Due to shame and guilt, many feel isolated and alone because of their struggle with sexual sin. Many Christians put on a good face when sexual sin is confessed, but follow up is often lacking. If the Christians struggling are single, isolation is even easier and they are more prone to addiction. Rosaria encourages believers to see singles as a part of their family. She means this quite literally.
“If you are not sharing the gospel with a house key, especially with people for whom crushing loneliness is killing them faster — if you are not doing that, why not? Because 1 Corinthians 10:13 is for all of us. ‘No temptation has overtaken you that is not common to man. God is faithful, and he will not let you be tempted beyond your ability, but with the temptation he will also provide the way of escape.’ What if your house is a way of escape, but you are too busy?”
She joked that some may call her a hippie for it, but she believes Acts 2 calls for this type of hospitality to be normal among Christians. Unfortunately, this kind of hospitality is scarce among Christians and it probably has a lot to do with fear of transparency. We don’t invite people into our homes because we’re afraid that they will see our brokenness. We wear our masks that hide our true selves from the world from nine to five. We can’t bear the idea of wearing them from five to nine and on the weekend.
Rosaria suggests that Sunday is the perfect day to allow people into our lives uninvited.
“Why do we make certain days ‘family days’? Sunday is the Lord’s Day.

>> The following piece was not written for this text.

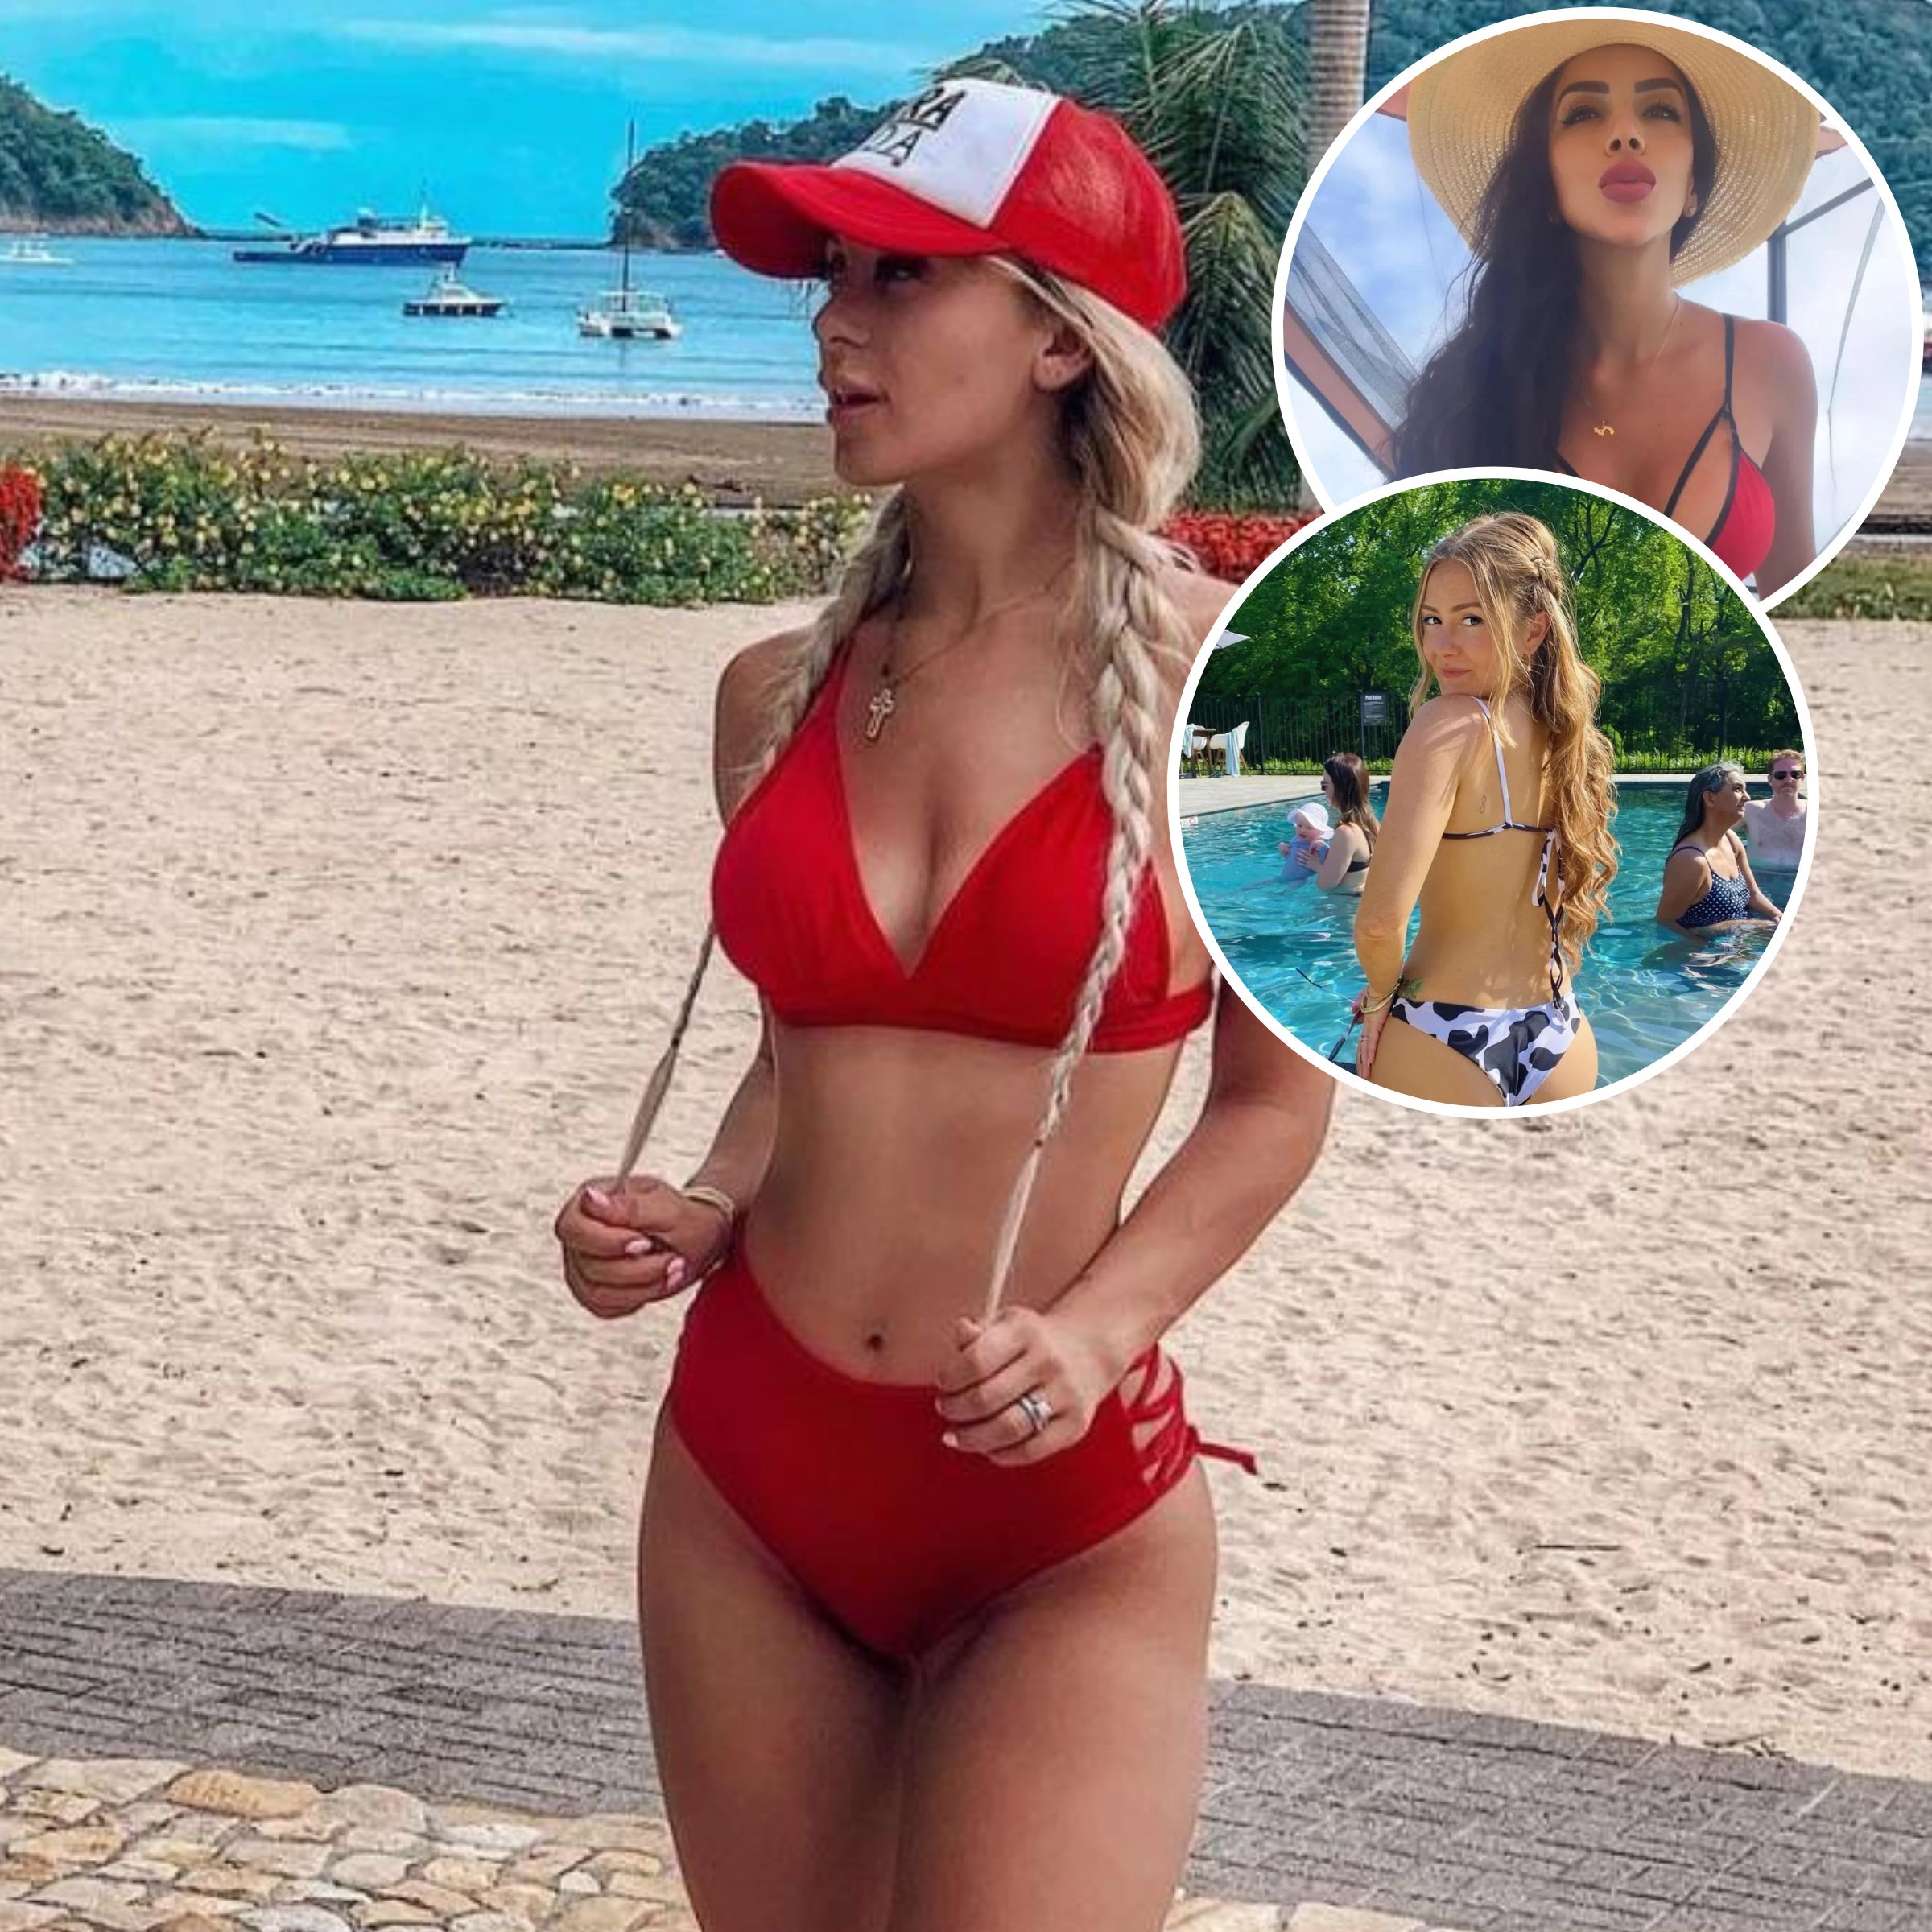 Brazilian Porn Actress Blue Bikini - 90 Day Fiance' Bikini Photos: See the Stars Rocking Sexy Swimsuits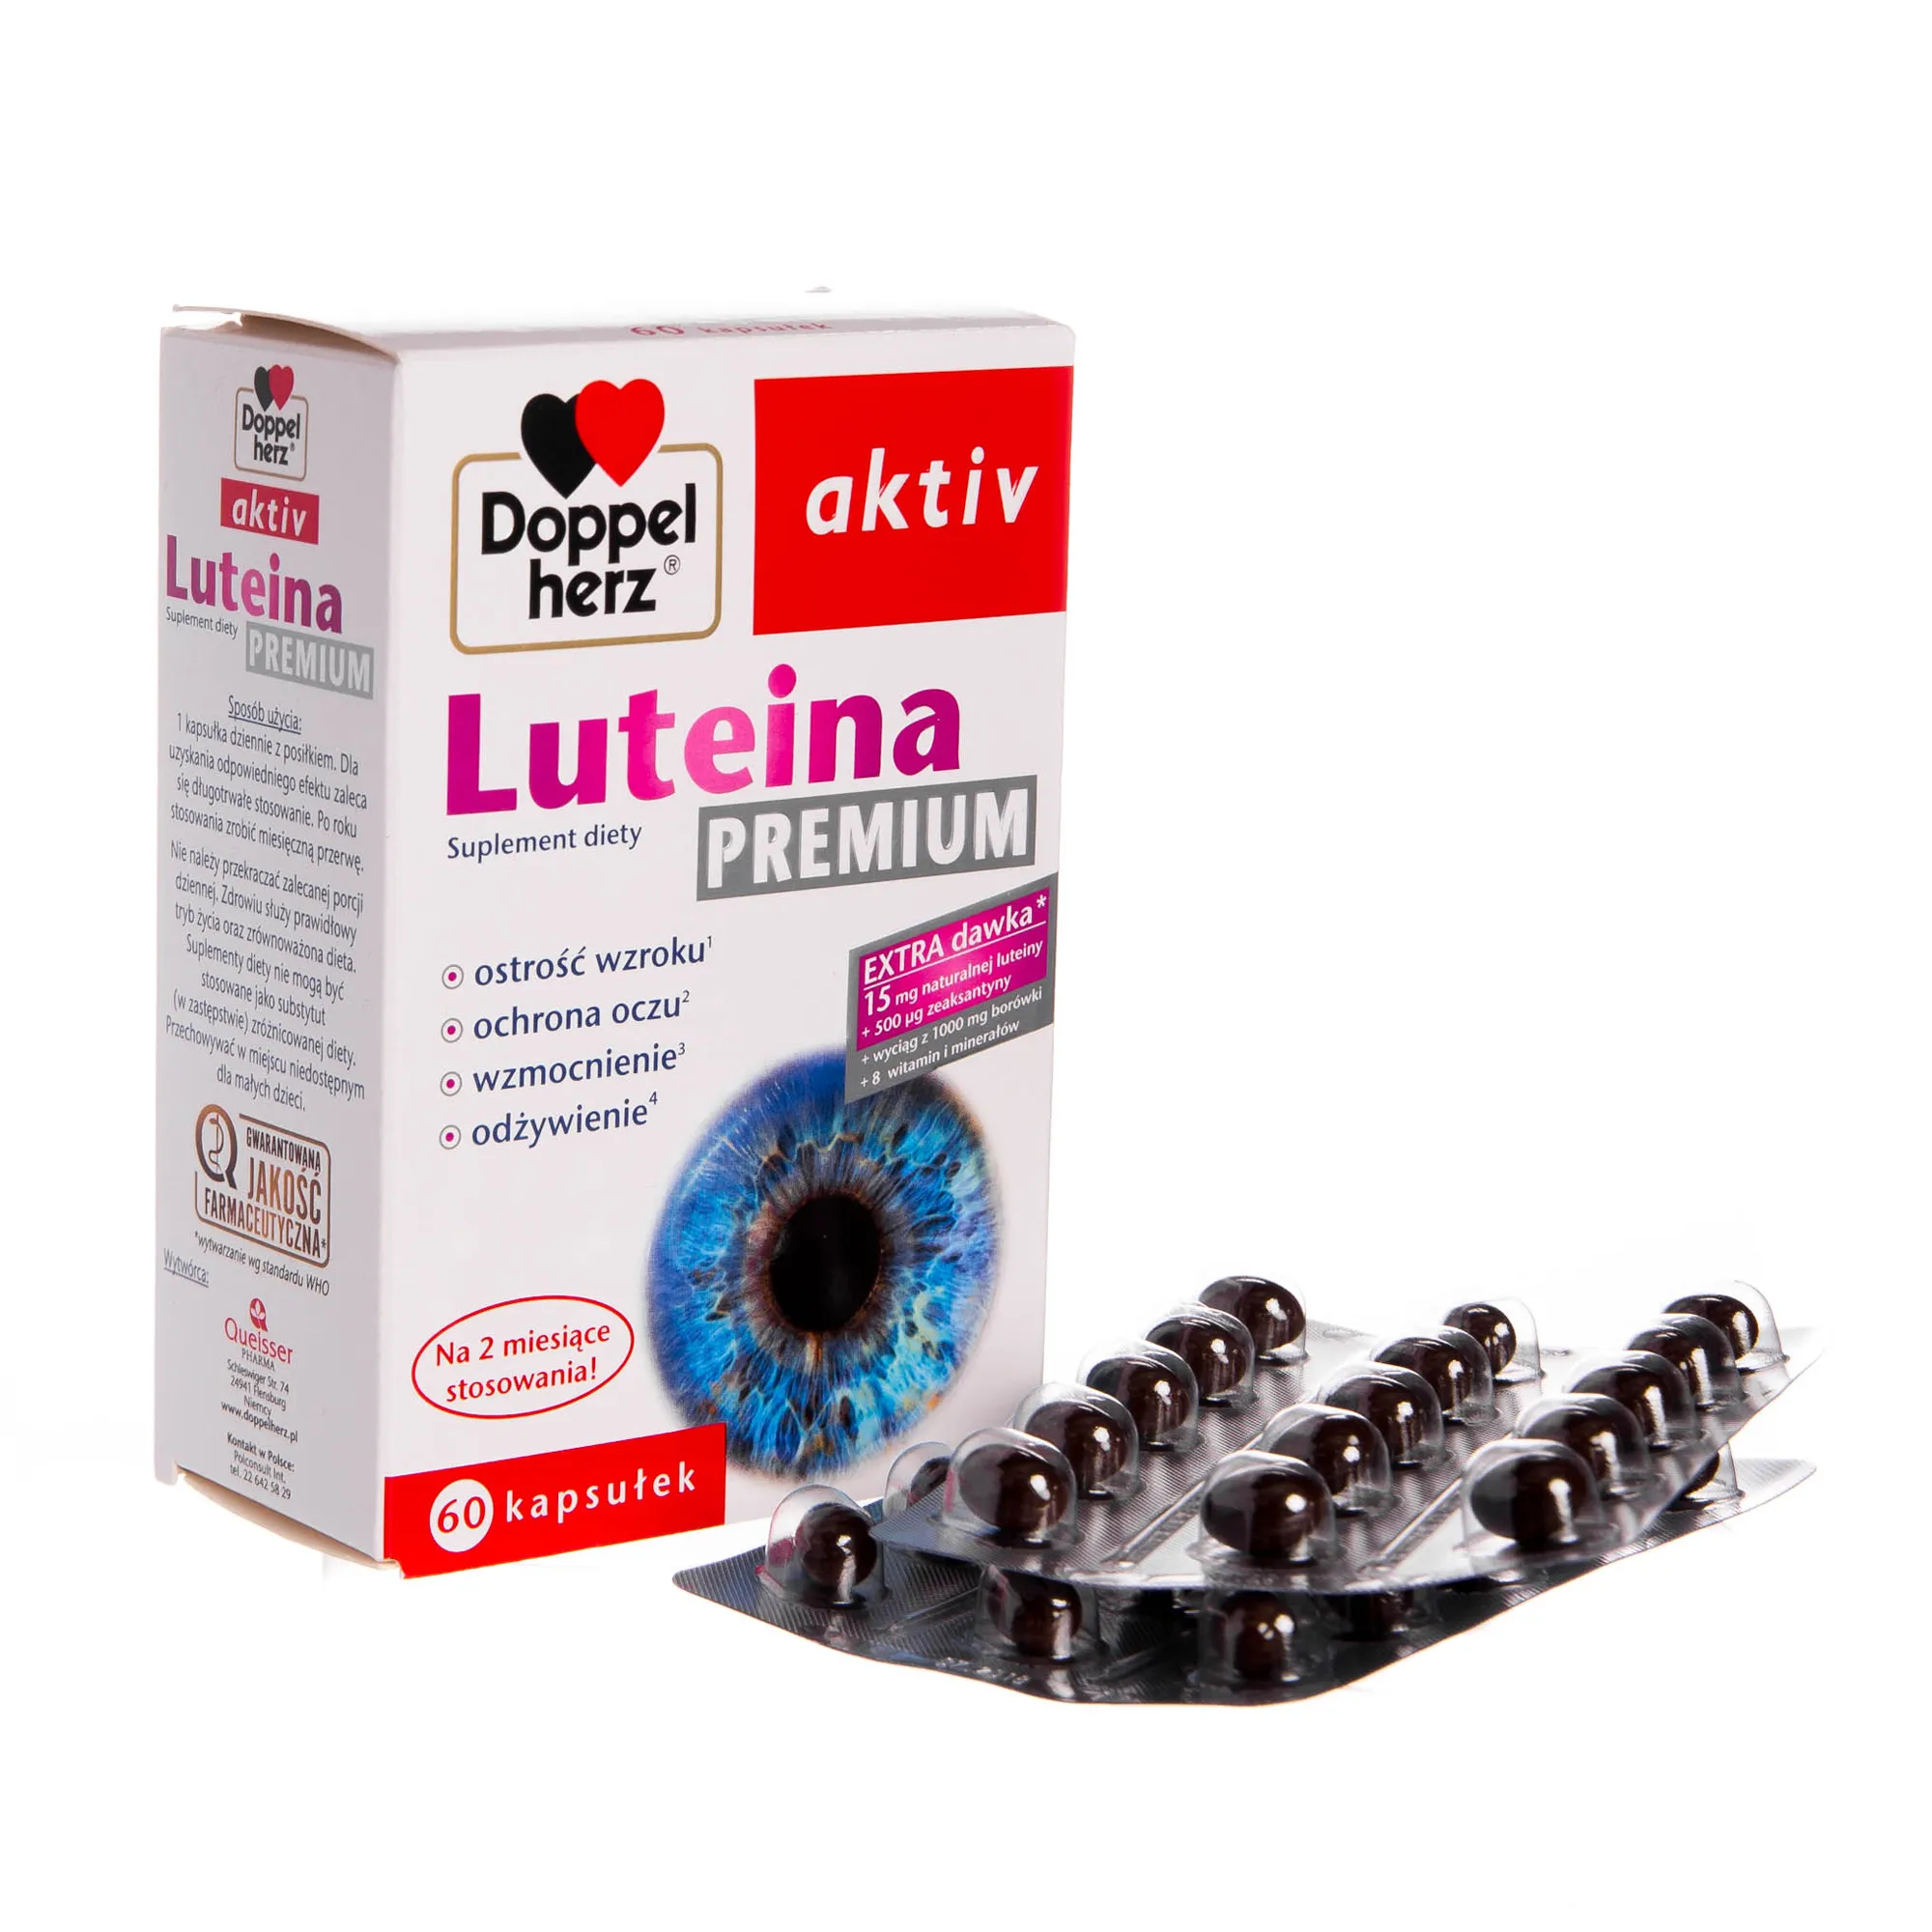 Doppelherz aktiv Luteina Premium suplement diety, 60 kapsułek

It is not ‘family day.’ It is the Lord’s Day. It is the day for God’s people to be in each other’s lives without invitation.”
“Holidays are hard for people who are single. Why not just make a covenant that says that your home is going to be open, and use the guest room for the people in your church who are going to struggle?”
Rosaria understands that a Christian struggling with homosexual desires is ultimately no different than a Christian struggling with pornography, fornication, greed, or drunkenness. We’re all sinners who need to repent daily of how we’ve failed. There is no ideal church specifically for homosexuals. But there is an ideal church for sinners. It’s a safe place to confess and repent.
“The ideal church is a church where everybody is repenting publicly of something. The ideal church is where people are saying, ‘I struggle with this, and I don’t want it to define me, but I need you to cover my back in prayer. I struggle. I fail. I have been a Christian, and I want to struggle in the Lord.’ That is the ideal church.”